The Los Angeles Chargers are in a difficult spot. Their defense is one of the best in the league, led by an elite secondary. The offensive line has added pieces around whoever is going to play quarterback, be it Tyrod Taylor, or Justin Herbert. Austin Ekeler will now be the workhorse out of the backfield with Melvin Gordon heading to the division-rival Denver Broncos. The Chargers are trying to make the most out of their great defense, but the quarterback question marks are a major concern.
Make sure to check out all of our in-depth power rankings here.
- Overall – 79.42 (20th)
- Offense – 77.915 (23rd)
- Defense – 81.745 (11th)
- Coach and Culture – 80.5 (T-16th)
- Home Field Advantage – 69, 32nd (4% Defense, 2% Overall)
Quarterbacks – 72, 26th (36% Offense, 27% Overall)
Head coach Anthony Lynn has worked with Taylor in the past in Buffalo.
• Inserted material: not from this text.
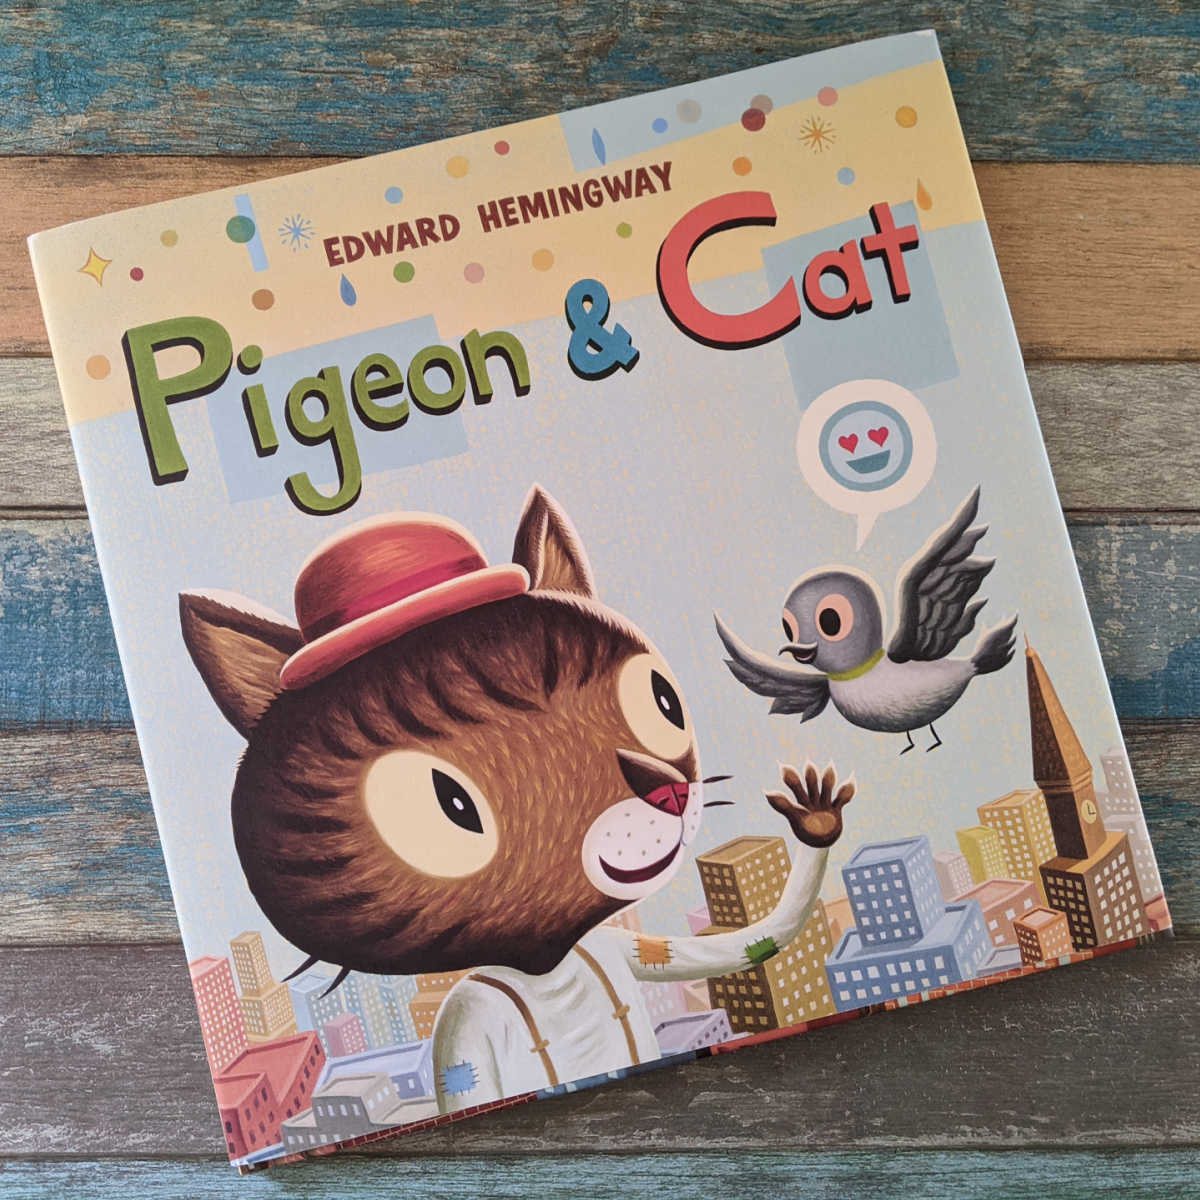 hemingway pigeon and cat book

Taylor hasn’t started a game since week three of the 2018 season for the Browns, where he completed less than 50 percent of his passes through the first two and a half games. He is a high-floor, low upside player who won’t turn the ball over. The most interceptions he has thrown in a season is six. Taylor is already familiar with the system, while Herbert hasn’t had any time to prepare with his receivers and the playbook.
I wasn’t as high on Herbert through the draft process as he isn’t that accurate. He has a cannon for an arm, similar to Philip Rivers who has moved on to Indianapolis. Taylor should get the first few starts in the season but if the Chargers have a losing record by week six, I’d expect Herbert to be thrust into the starting role. Easton Stick is a developmental prospect who the Chargers selected in last year’s draft. Many thought that Stick could’ve been the starter this year, but Los Angeles opted to go with Herbert’s upside instead.
Running Backs – 80, 20th (4% Offense, 3% Overall)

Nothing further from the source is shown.